API Keys + Tokens != Claude Code Max

IDK why, but this initially caught me off guard.

Lesson #2: Rate Limits and Fallback are Not Plug-and-Play

Model fallback didn’t work out of the box. Had some hacking to get this to work. I may have just misconfigured things. Always a possibility.

According to Claude, this is a three layer system.

  1. Model config in openclaw.json (which model + fallbacks)
  2. Auth profile cooldowns (exponential backoff per provider)
  3. Gateway-level rate limiting (10 attempts/minute, 5-minute lockout)

Actually still failing me today as I tried to set up a research and aggregate type morning brief related to my technical interests and it failed to run.

Still much to do to figure this out. The two dimensions of (a) rate limits and (b) token budgets was an unexpected hurdle.

Lesson #3: Hardening

There’s been a lot of security scrutiny around OpenClaw recently: exposed instances leaking API keys, malicious skills on ClawHub, etc. Beyond the basics (fresh/wiped machine, limit access to credentials, don’t expose to the public internet), I set my Claude Code agents on hardening the Docker setup: cap_drop: ALL, read_only: true, no-new-privileges, non-root user, gateway bound to 127.0.0.1 only.

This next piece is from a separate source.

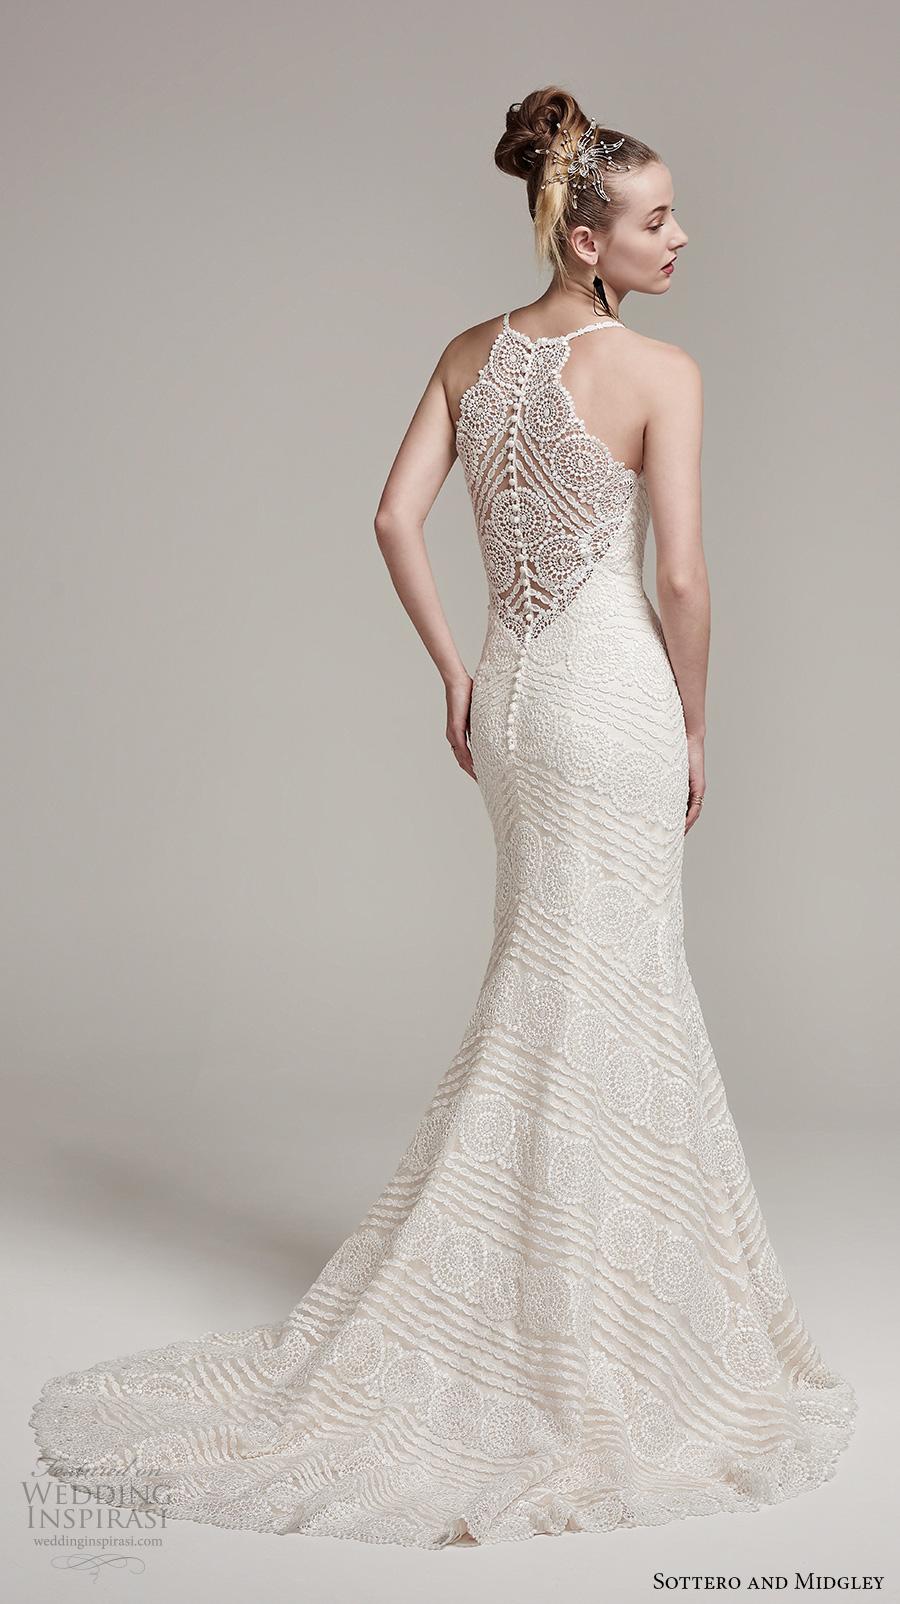 Sottero and Midgley Fall 2016 Wedding Dresses  Amlie Bridal Collection  Wedding Inspirasi

Not a security expert, but yet-another-reminder to take this stuff seriously is never a bad thing.

Lesson #4: Cron!

Still a ways to go here, but I set up, among others, a couple useful columns in my Trello setup: Today and Tomorrow. Every morning my OpenClaw assistant will merge these and then send me an update on what to do today. Not 100% sure yet this message is useful, but automated board management is something that feels very appealing and worth exploring more fully.


Will follow up here after more experimentation, especially if this is something I continue to tune and it works its way into being a critical process for keeping myself organized.